That was until a symbol had been discovered.

It had been a small thing, discovered on a single body after the Arbites stormed an underground cult-base. A single green tattoo, found on the body of a high-ranking cultist leader. The tattoo was that of a multi-headed hydra.

The Alpha Legion.

If the XX Legion was truly present on this world then the Praetors of Guilliman were required to deal with them. The Mechanicus were unsettled by news of Traitor Legion activity and made appeals to the Chapter. We are close allies of the Mechanicus. A relationship we do not bother to disguise. Some of our brother Astartes disdain us for it, but I care little.
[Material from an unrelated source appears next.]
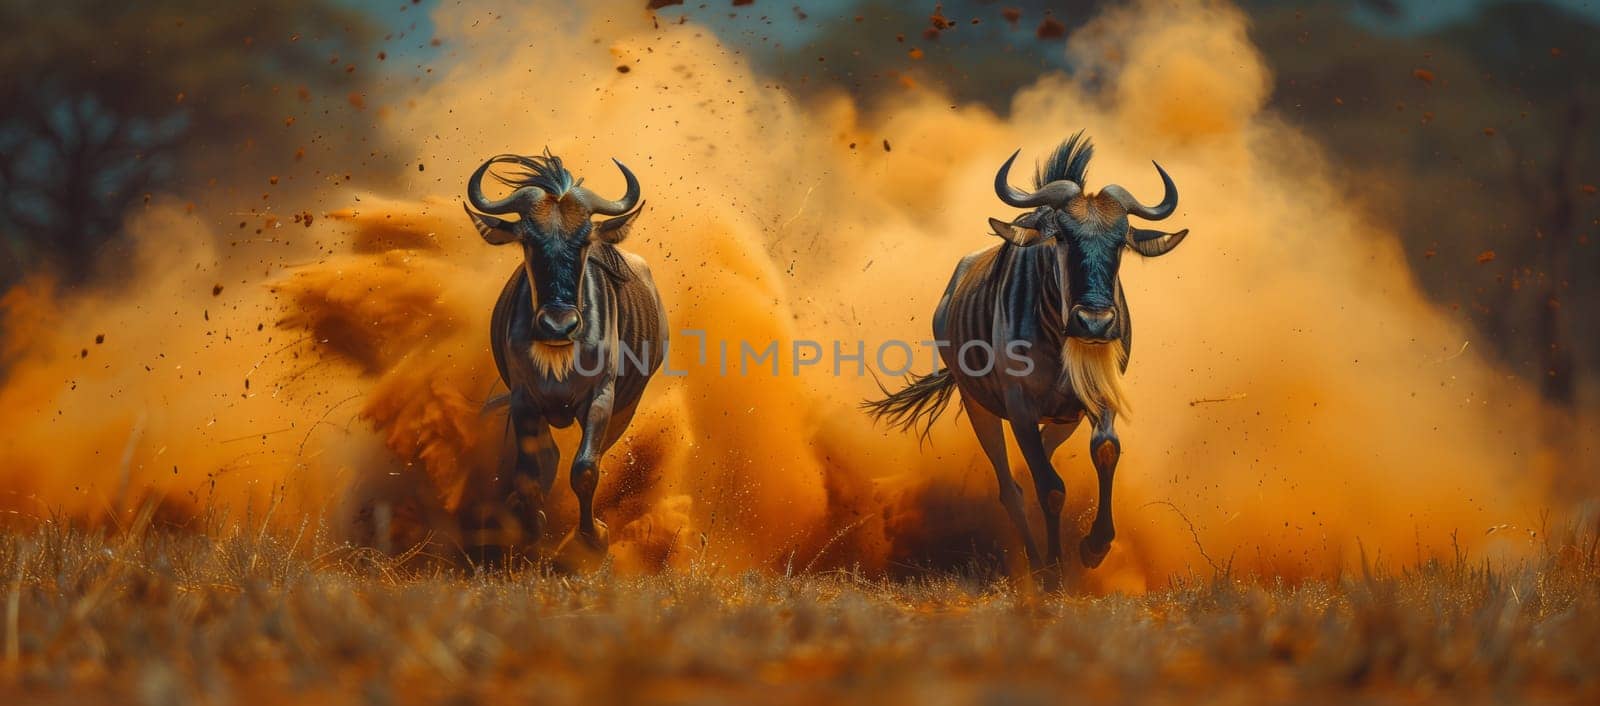 Working animals, two wildebeest running through dusty grassland by richwolf

We embrace the technologies of humanity as a boon, not superstition.

If the misbegotten sons of Alpharius are here on this world then I relish the chance to fight them. All of the Praetors know of the treachery. We know of how Guilliman generously tried to give aid to his brother, and yet was denied in Alpharius's arrogance. That same pride led Alpharius to cast his lot with the gods of Chaos.

His sons are a stain upon the honor of the Astartes. We will rectify that mistake.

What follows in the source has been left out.